All parameters are to be found in Sqoop documentation.

[root@sandbox ~]# sqoop import \
--connect jdbc:mysql://localhost:3306/db_source \
--username root \
--table employees \
--fields-terminated-by "," \
--hive-import \
--create-hive-table \
--hive-table employees
 

At first execution, you may fail with an error message like

16/10/23 13:48:11 INFO manager.SqlManager: Executing SQL statement: SELECT t.* FROM `employees` AS t LIMIT 1
16/10/23 13:48:12 ERROR manager.SqlManager: Error reading from database: java.sql.SQLException: Streaming result set com.mysql.jdbc.RowDataDynamic@38009ade is still active. No statements may be issued when any streaming result sets are open and in use on a given connection. Ensure that you have called .close() on any active streaming result sets before attempting more queries.
java.sql.SQLException: Streaming result set com.mysql.jdbc.RowDataDynamic@38009ade is still active. No statements may be issued when any streaming result sets are open and in use on a given connection. Ensure that you have called .close() on any active streaming result sets before attempting more queries.
at com.mysql.jdbc.SQLError.createSQLException(SQLError.java:934)
at com.mysql.jdbc.SQLError.createSQLException(SQLError.java:931)
at com.mysql.jdbc.MysqlIO.checkForOutstandingStreamingData(MysqlIO.java:2735)
at com.mysql.jdbc.MysqlIO.sendCommand(MysqlIO.java:1899)
at com.mysql.jdbc.MysqlIO.sqlQueryDirect(MysqlIO.java:2151)
 

That’s should be caused by an old version of mysql-connector. Upgrade to a 5.1.30+ version (should be available in /usr/share/java), if you already have that version in /usr/share/java then make the hadoop lib a symbolic link to that.
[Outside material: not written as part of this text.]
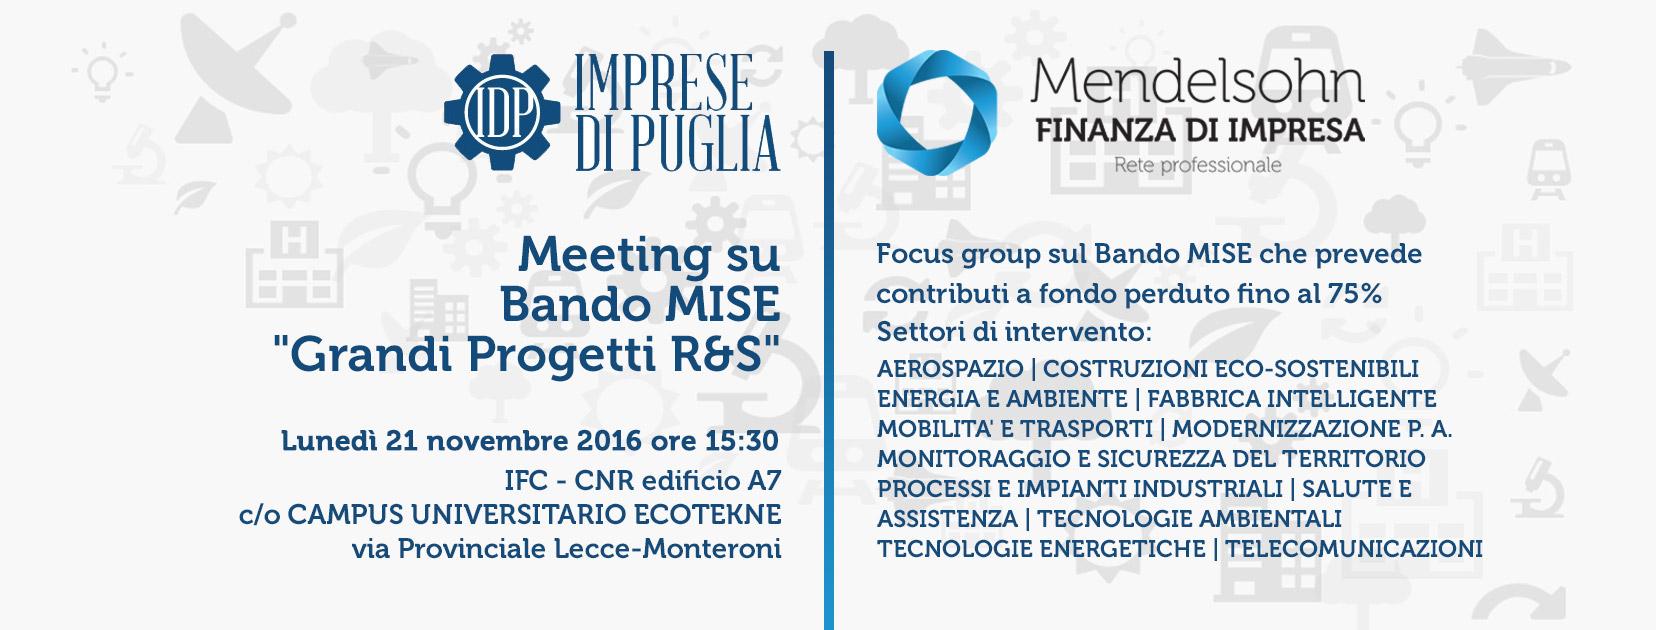 Bando Grandi Progetti R&S, meeting organizzato da Imprese di Puglia e Mendelsohn

You can find your mysql-connector versions with md5sum :

[root@sandbox ~]# find / -xdev -type f -name "mysql-connector*jar" | xargs md5sum
 

To make a symbolic link :

[root@sandbox ~]# rm -rf /usr/hdp/2.4.0.0-169/hadoop/lib/mysql-connector-java.jar
[root@sandbox ~]# ln -s /usr/share/java/mysql-connector-java-5.1.31-bin.jar /usr/hdp/2.4.0.0-169/hadoop/lib/mysql-connector-java.jar

Quick tip on how to make sure about the version in a .jar file:

[root@sandbox ~]# unzip -p /usr/share/java/mysql-connector-java.jar META-INF/INDEX.LIST
JarIndex-Version: 1.0

mysql-connector-java-5.1.17-SNAPSHOT-bin.jar
[...]

Now, if we relaunch the sqoop import we shall see a mapreduce job occuring :

[root@sandbox ~]#sqoop import \
--connect jdbc:mysql://localhost:3306/db_source \
--username root \
--table employees \
--fields-terminated-by "," \
--hive-import \
--create-hive-table \
--hive-table employees
16/10/23 14:03:41 INFO manager.SqlManager: Executing SQL statement: SELECT t.* FROM `employees` AS t LIMIT 1
16/10/23 14:03:48 WARN manager.MySQLManager: It looks like you are importing from mysql.
16/10/23 14:03:48 WARN manager.MySQLManager: This transfer can be faster! Use the --direct
16/10/23 14:03:48 WARN manager.MySQLManager: option to exercise a MySQL-specific fast path.
16/10/23 14:03:48 INFO mapreduce.ImportJobBase: Beginning import of employees

Comment : you can see the query for selecting boundaries, which will make the splits occuring to parallelize the import.
Here it sees ids going from 1 to 20, deciding (default) to use 4 splits so first map job will copy from id 1 to 5, second job from 6 to 10, etc.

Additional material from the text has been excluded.